§ **TASK INSTRUCTIONS**
Give a verbatim copy of the data, leaving the pictures out.

§ **SUPPLIED DATA**
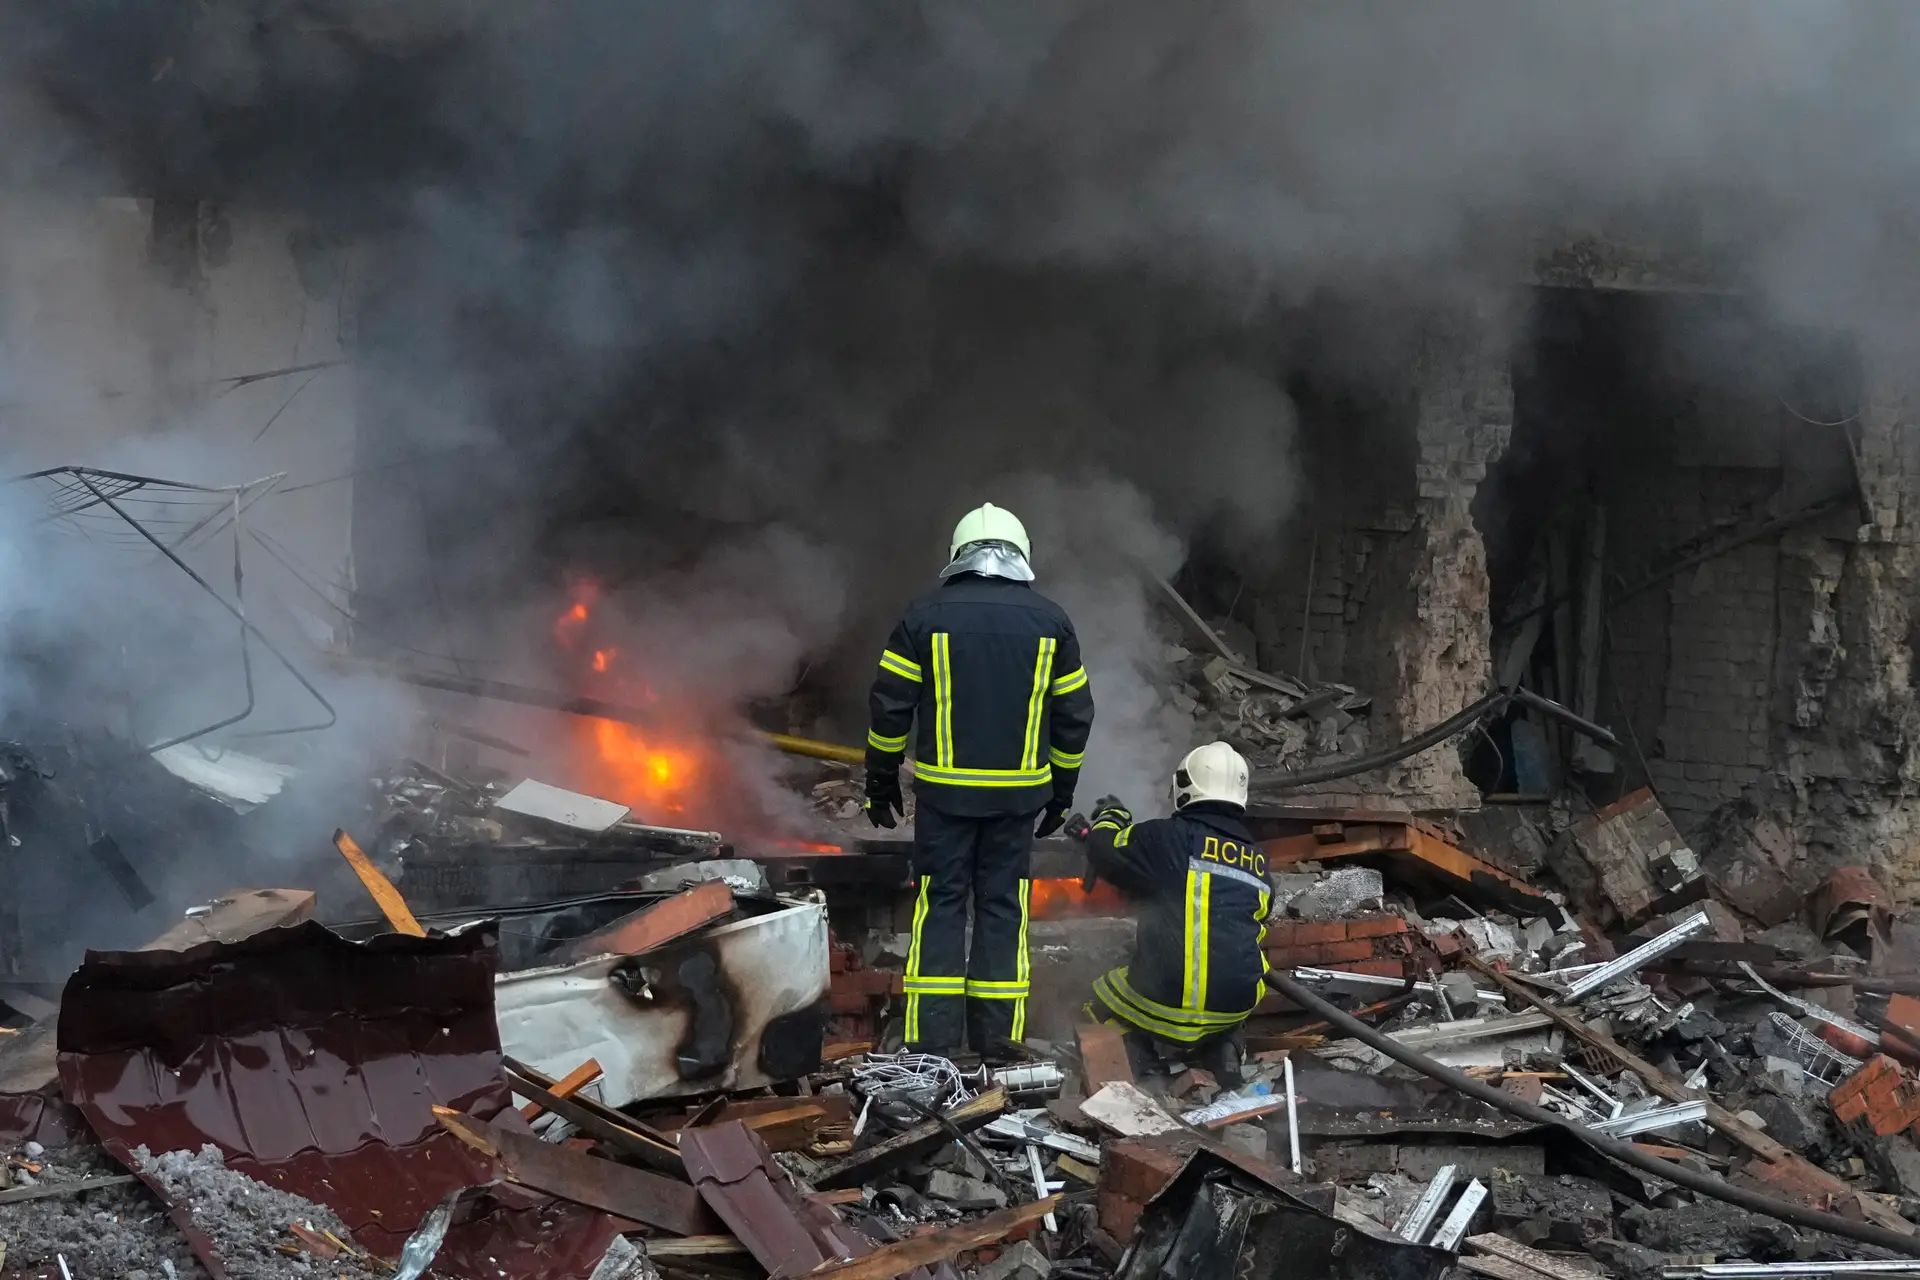 Três pessoas morreram e seis ficaram feridas num ataque em Kiev
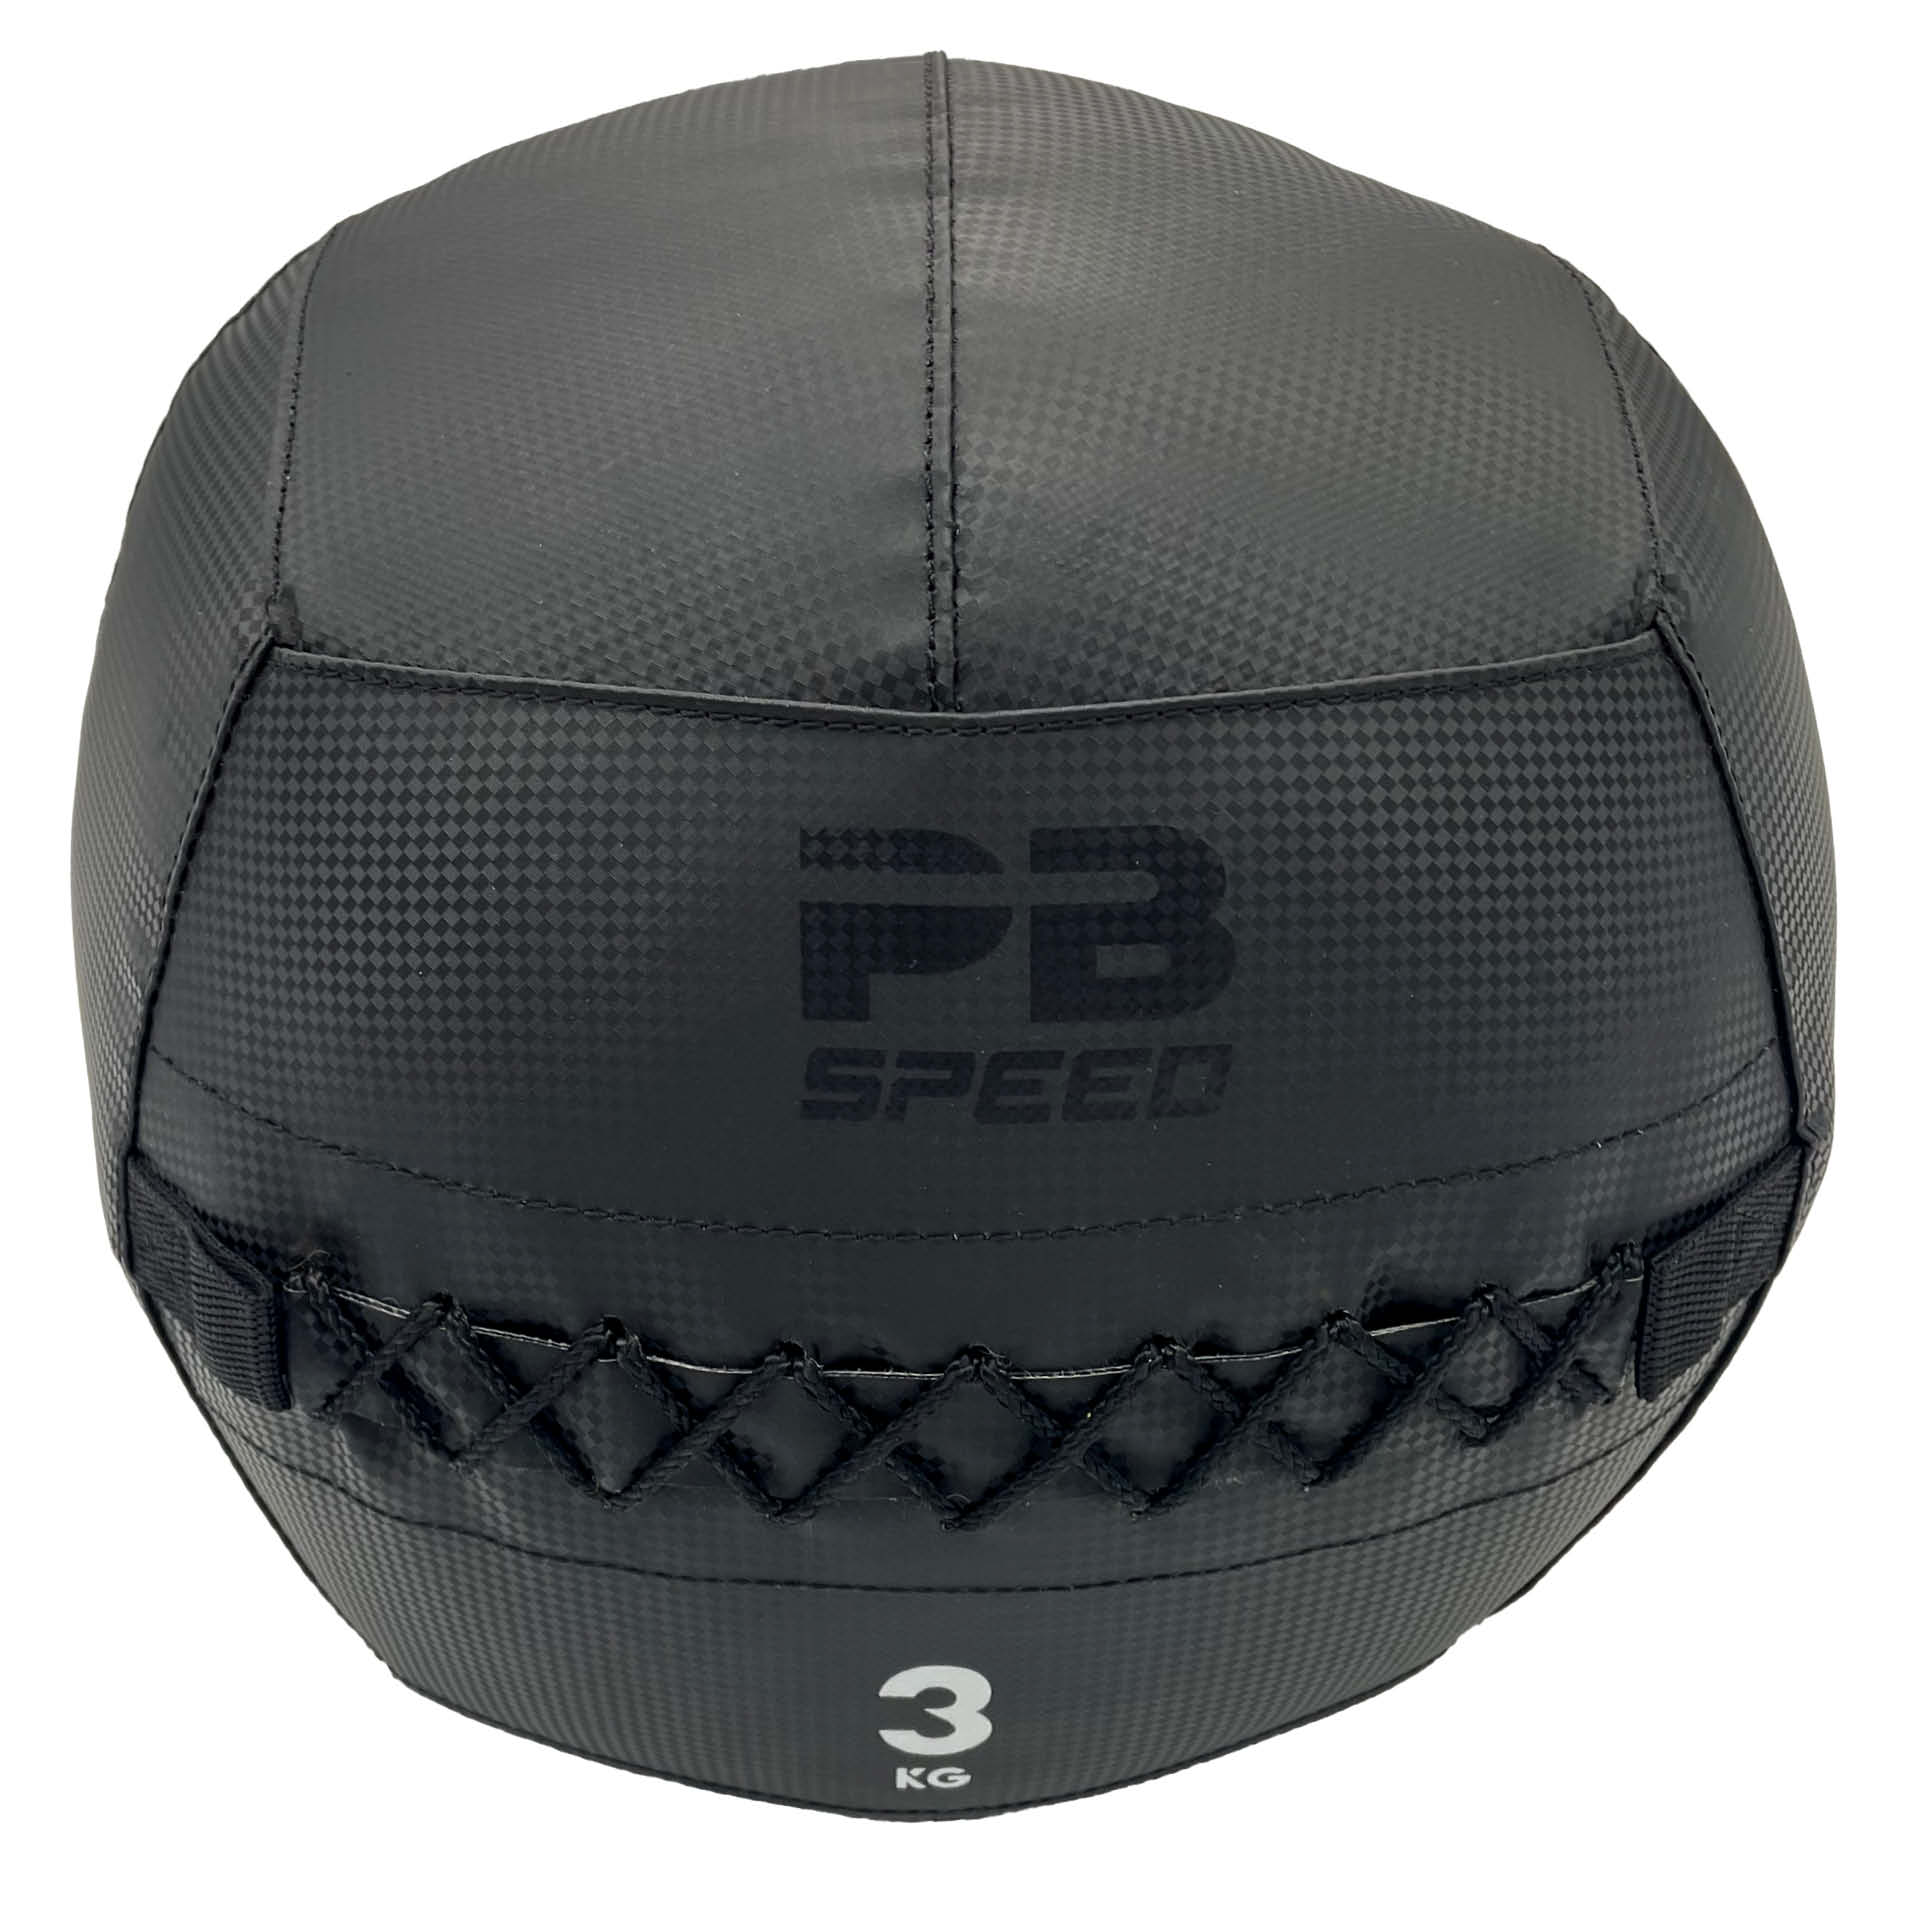 PB Speed Soft Medizinball 3 kg
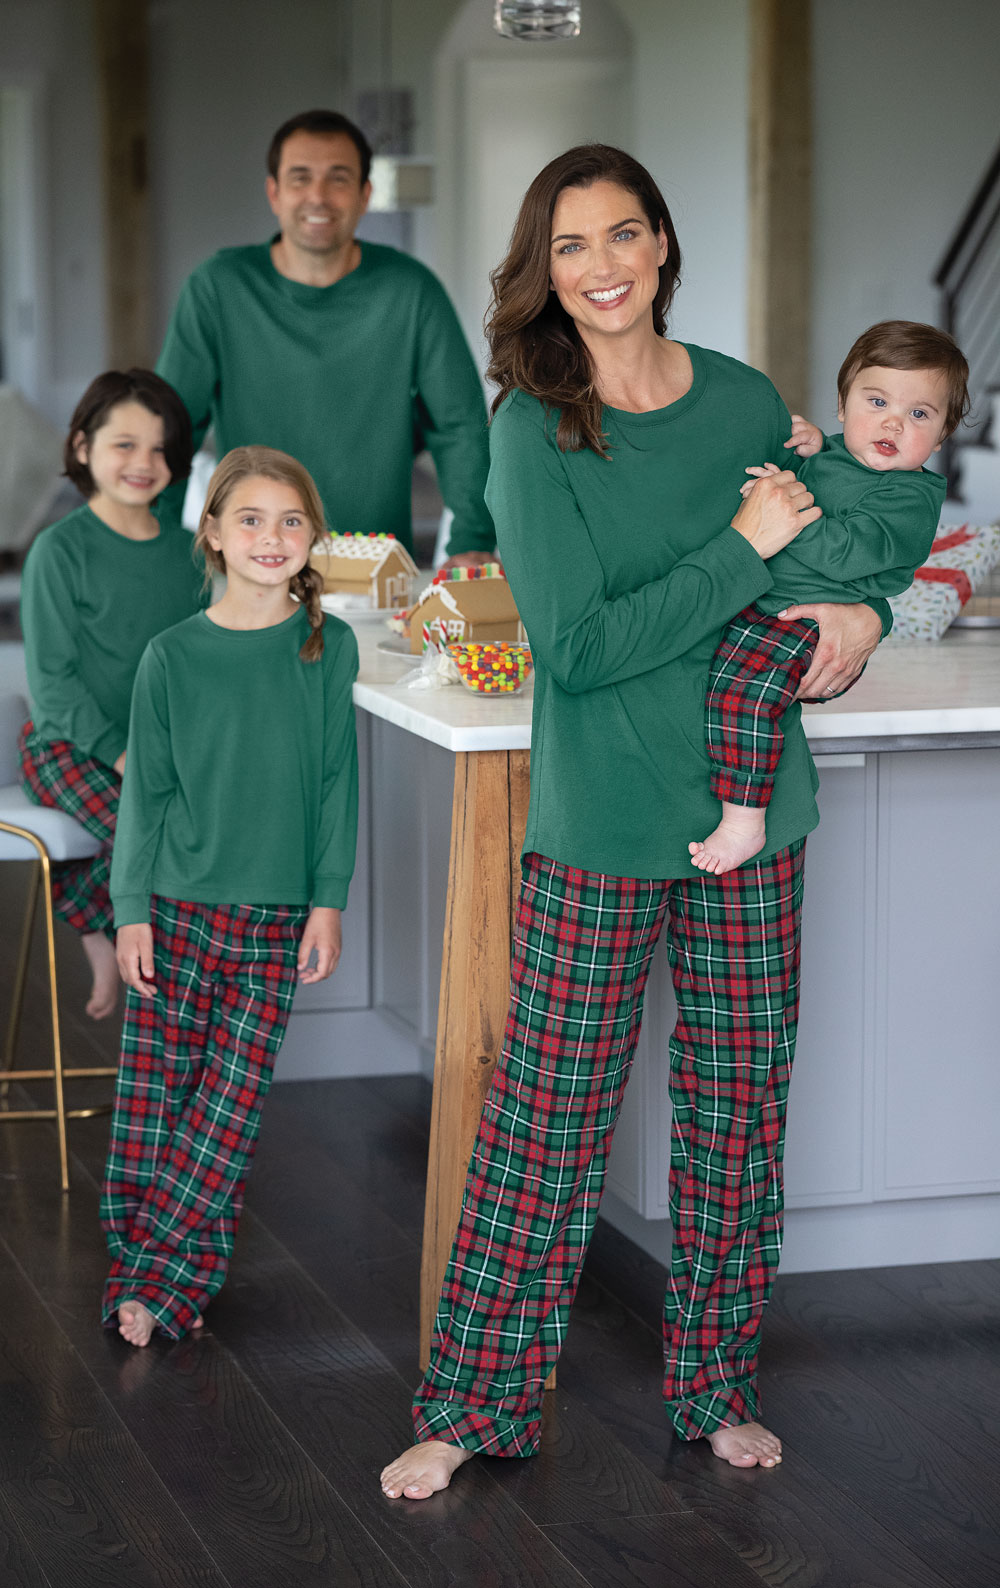 Personalized Pajama Pants / Monogrammed Plaid Pajama Pants / Flannel Pajama  Pants / Christmas Plaid Pajamas / Custom Pajamas

§ **EXERCISE SOLUTION**
 Três pessoas morreram e seis ficaram feridas num ataque em Kiev
 PB Speed Soft Medizinball 3 kg
 Personalized Pajama Pants / Monogrammed Plaid Pajama Pants / Flannel Pajama  Pants / Christmas Plaid Pajamas / Custom Pajamas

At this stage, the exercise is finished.